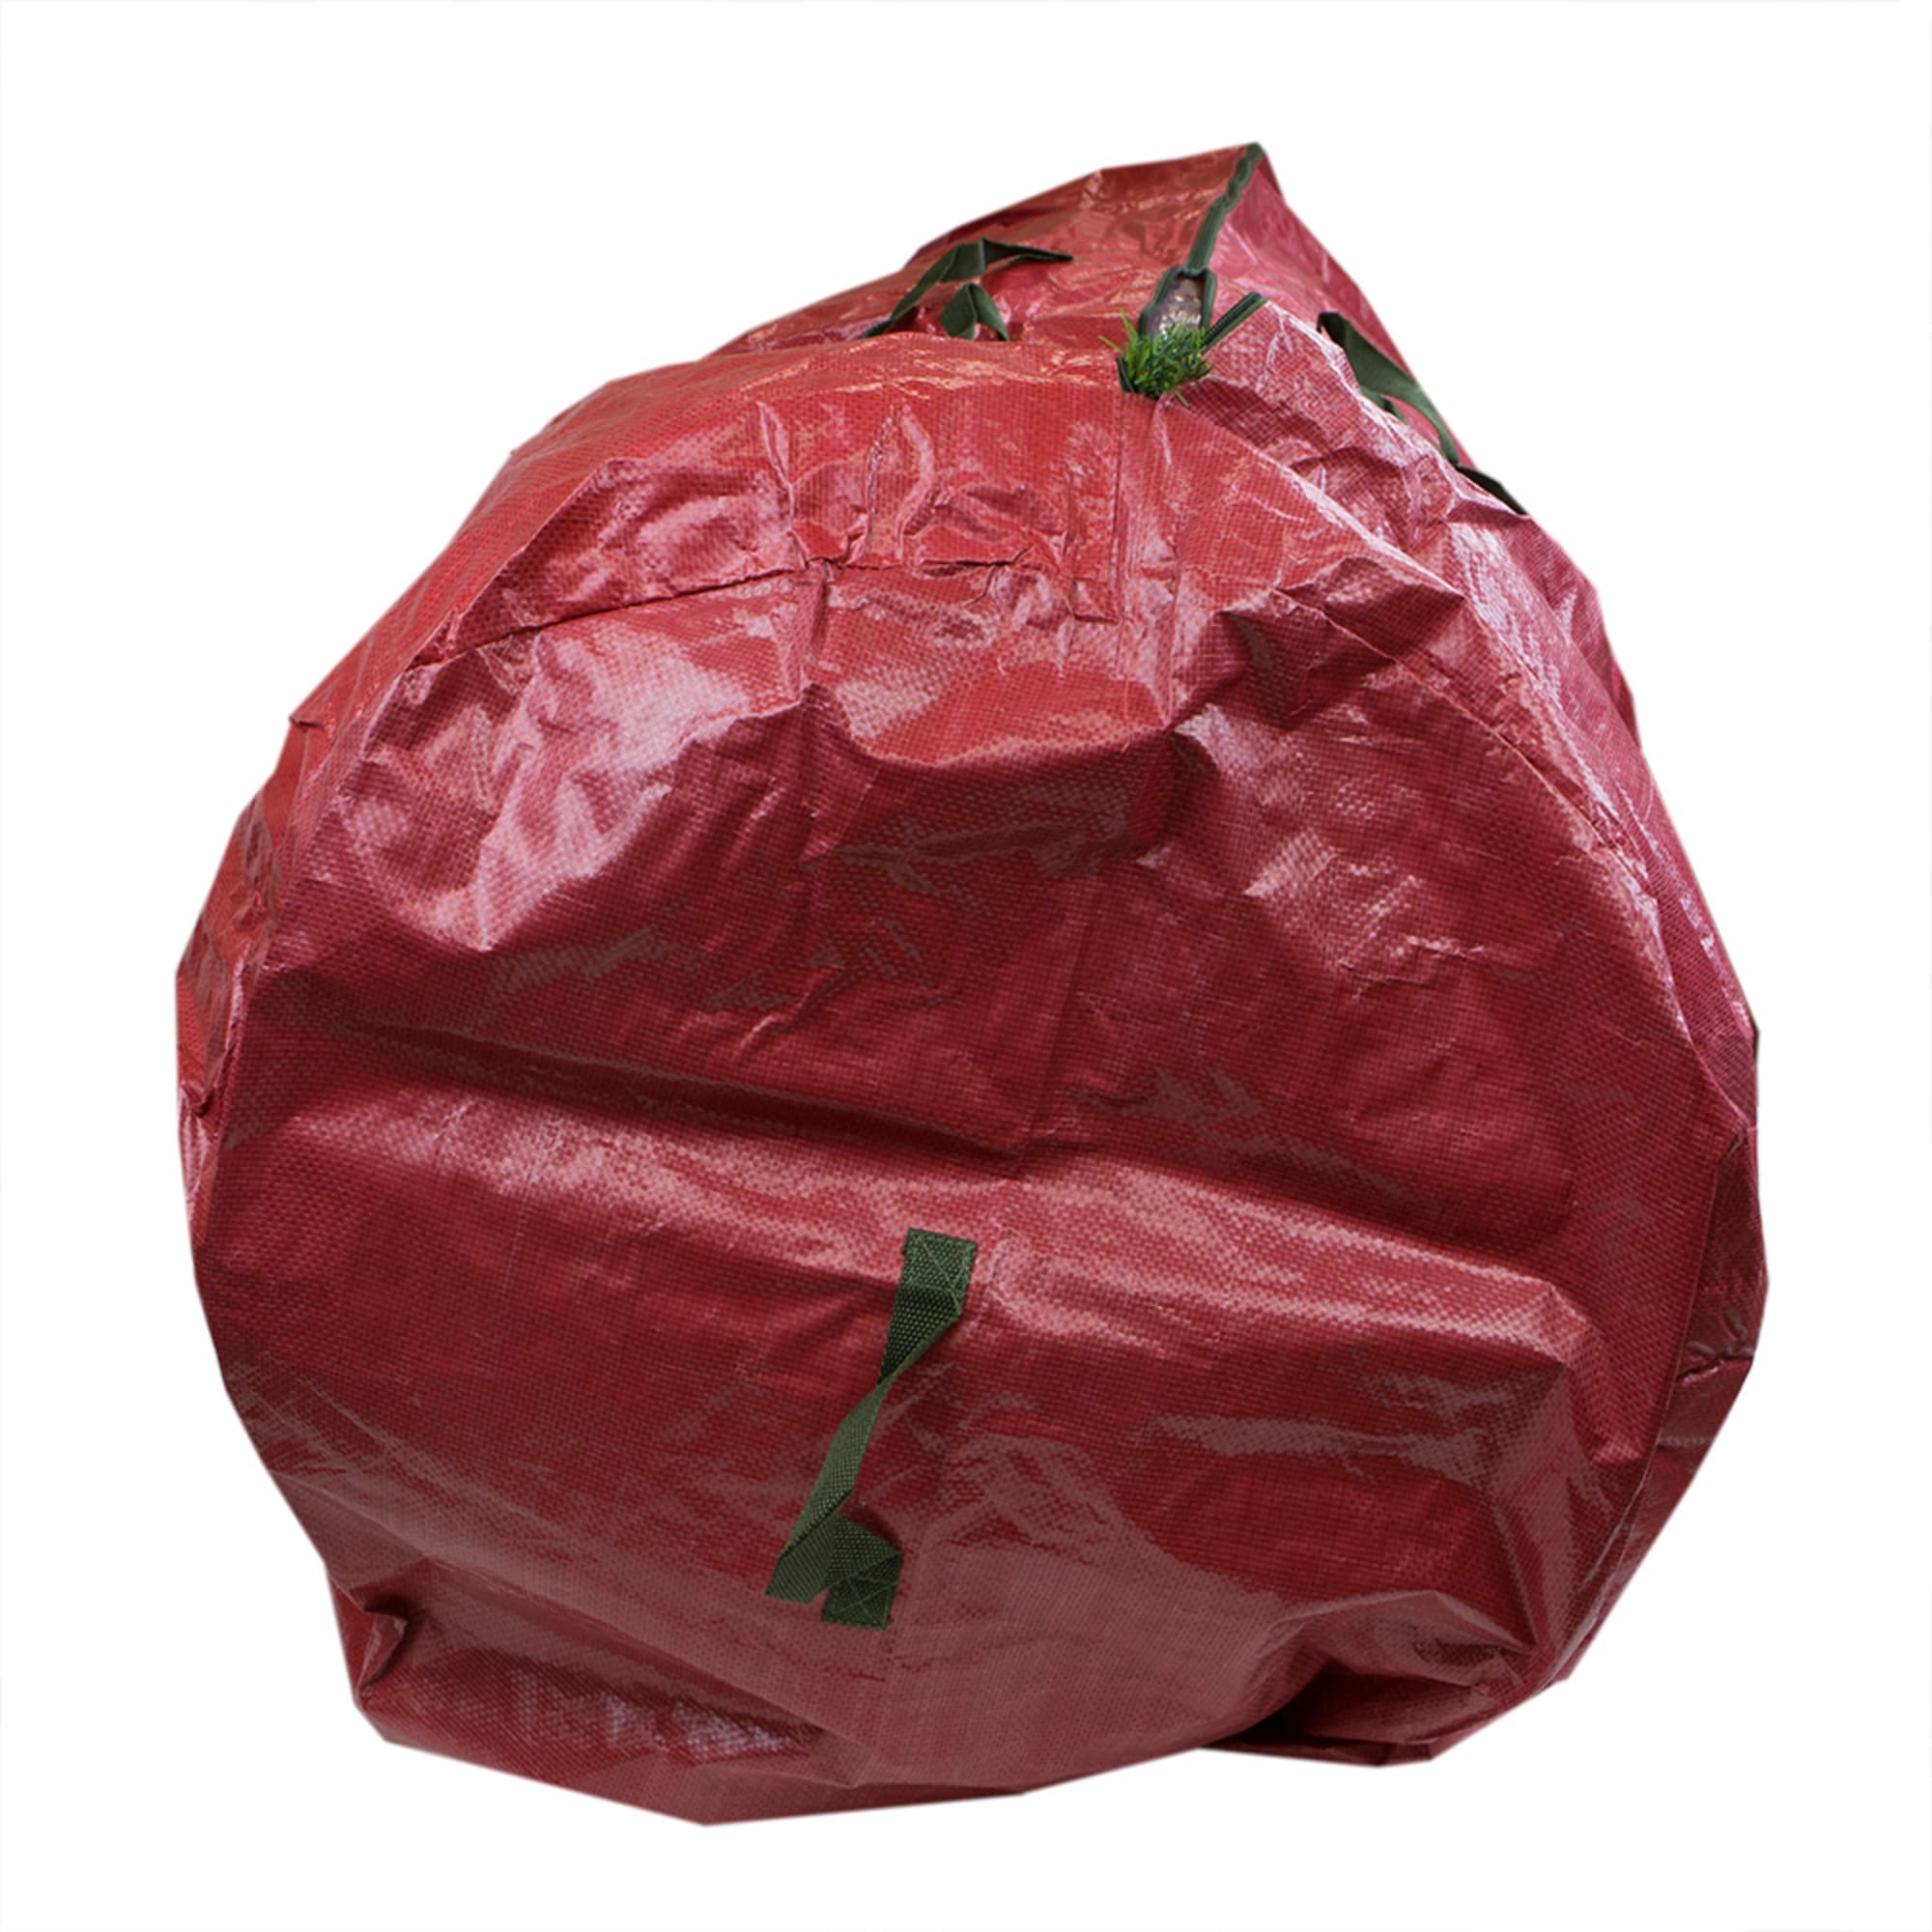 Home Basics Christmas Tree Storage Bag,  Red $10.00 EACH, CASE PACK OF 12
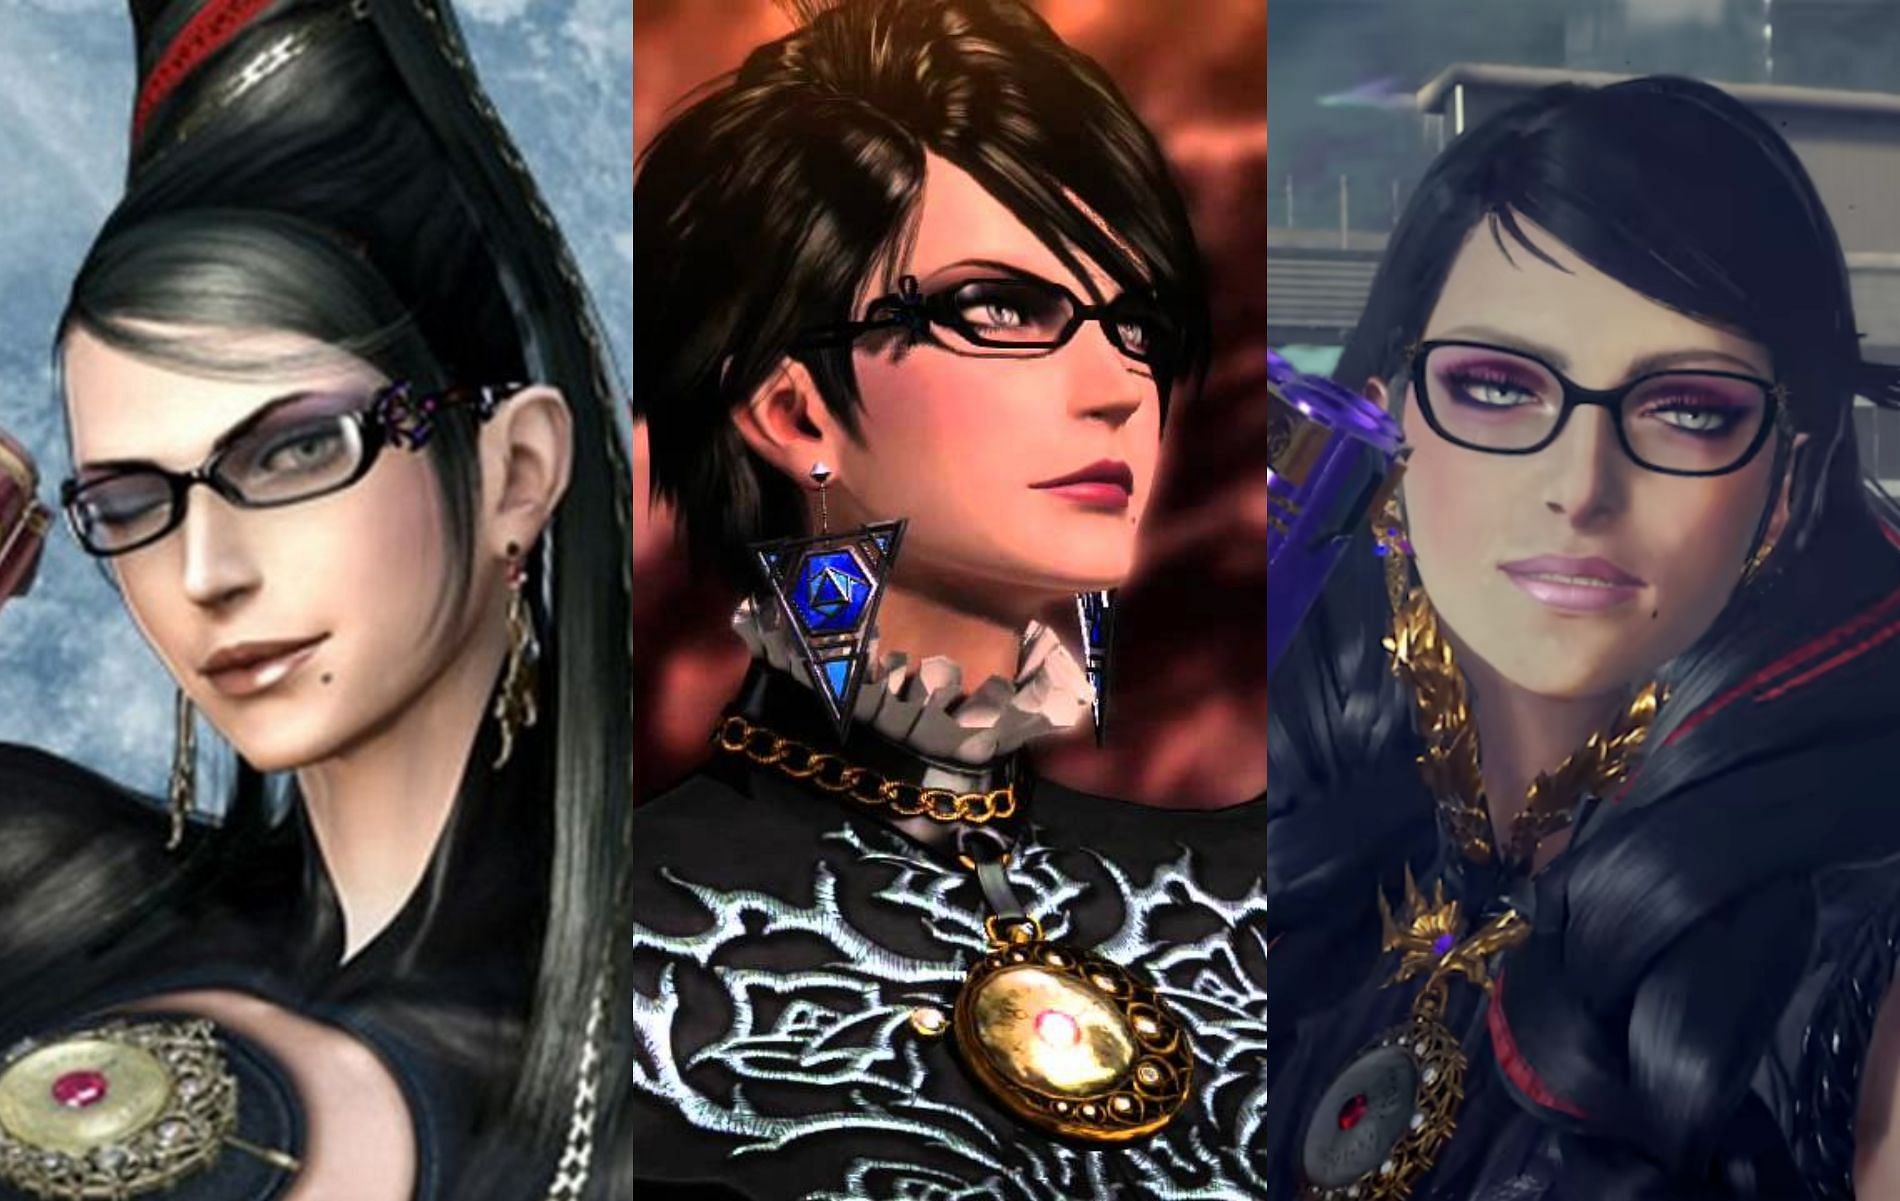 Bayonetta has come a long way since the series
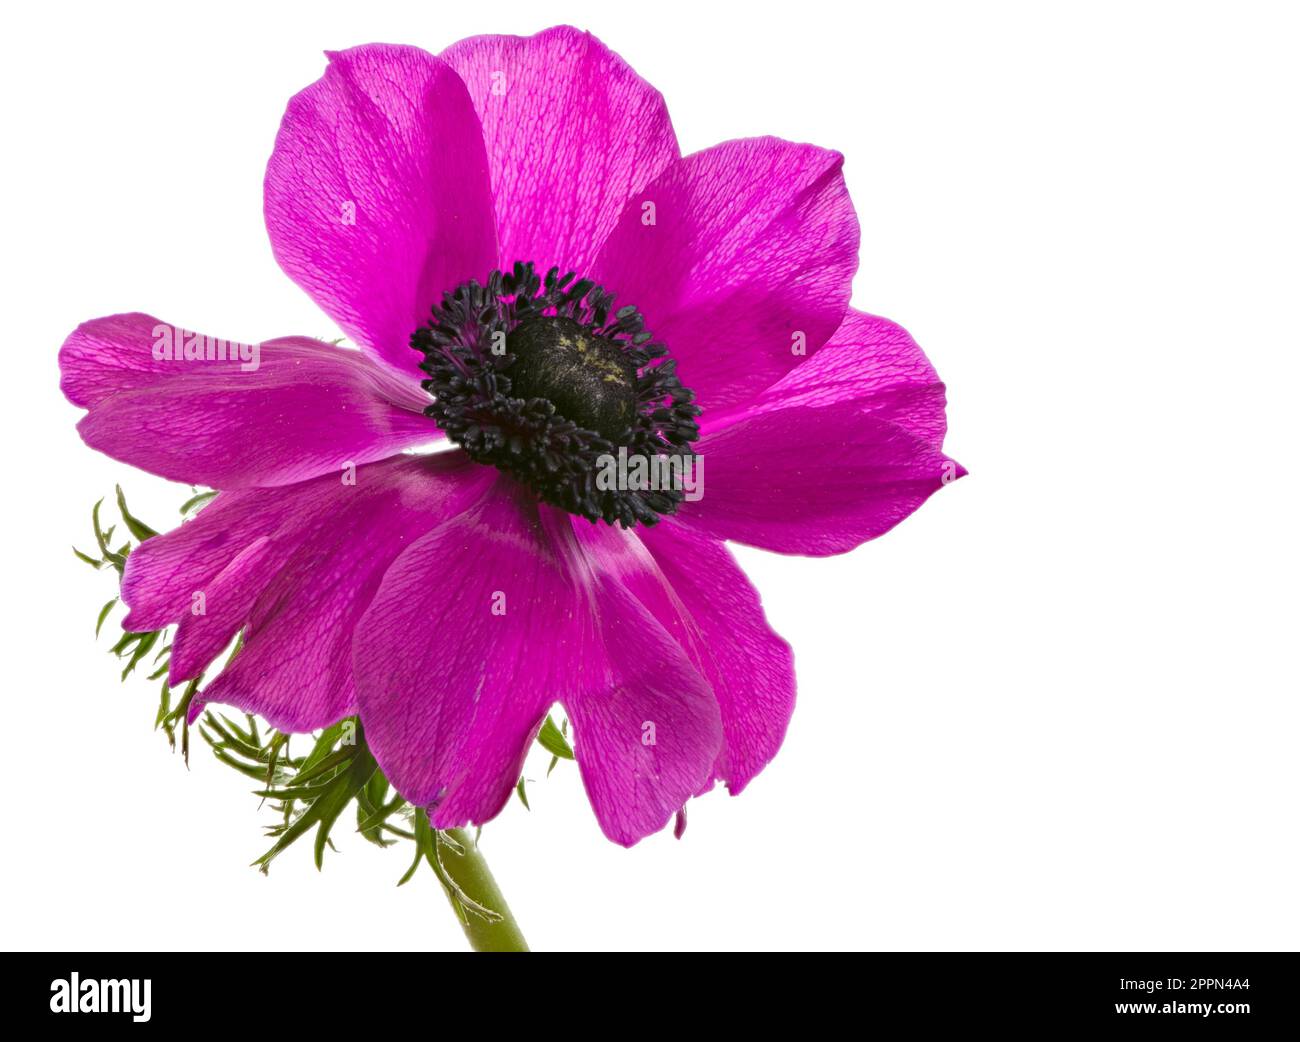 Macro of an isolated purple anemone flower blossom Stock Photo

● WHAT TO DO
Transcribe all the material exactly; skip every image.

● SOLUTION FOR THIS PROBLEM
 Home Basics Christmas Tree Storage Bag,  Red $10.00 EACH, CASE PACK OF 12
 Bayonetta has come a long way since the series
 Macro of an isolated purple anemone flower blossom Stock Photo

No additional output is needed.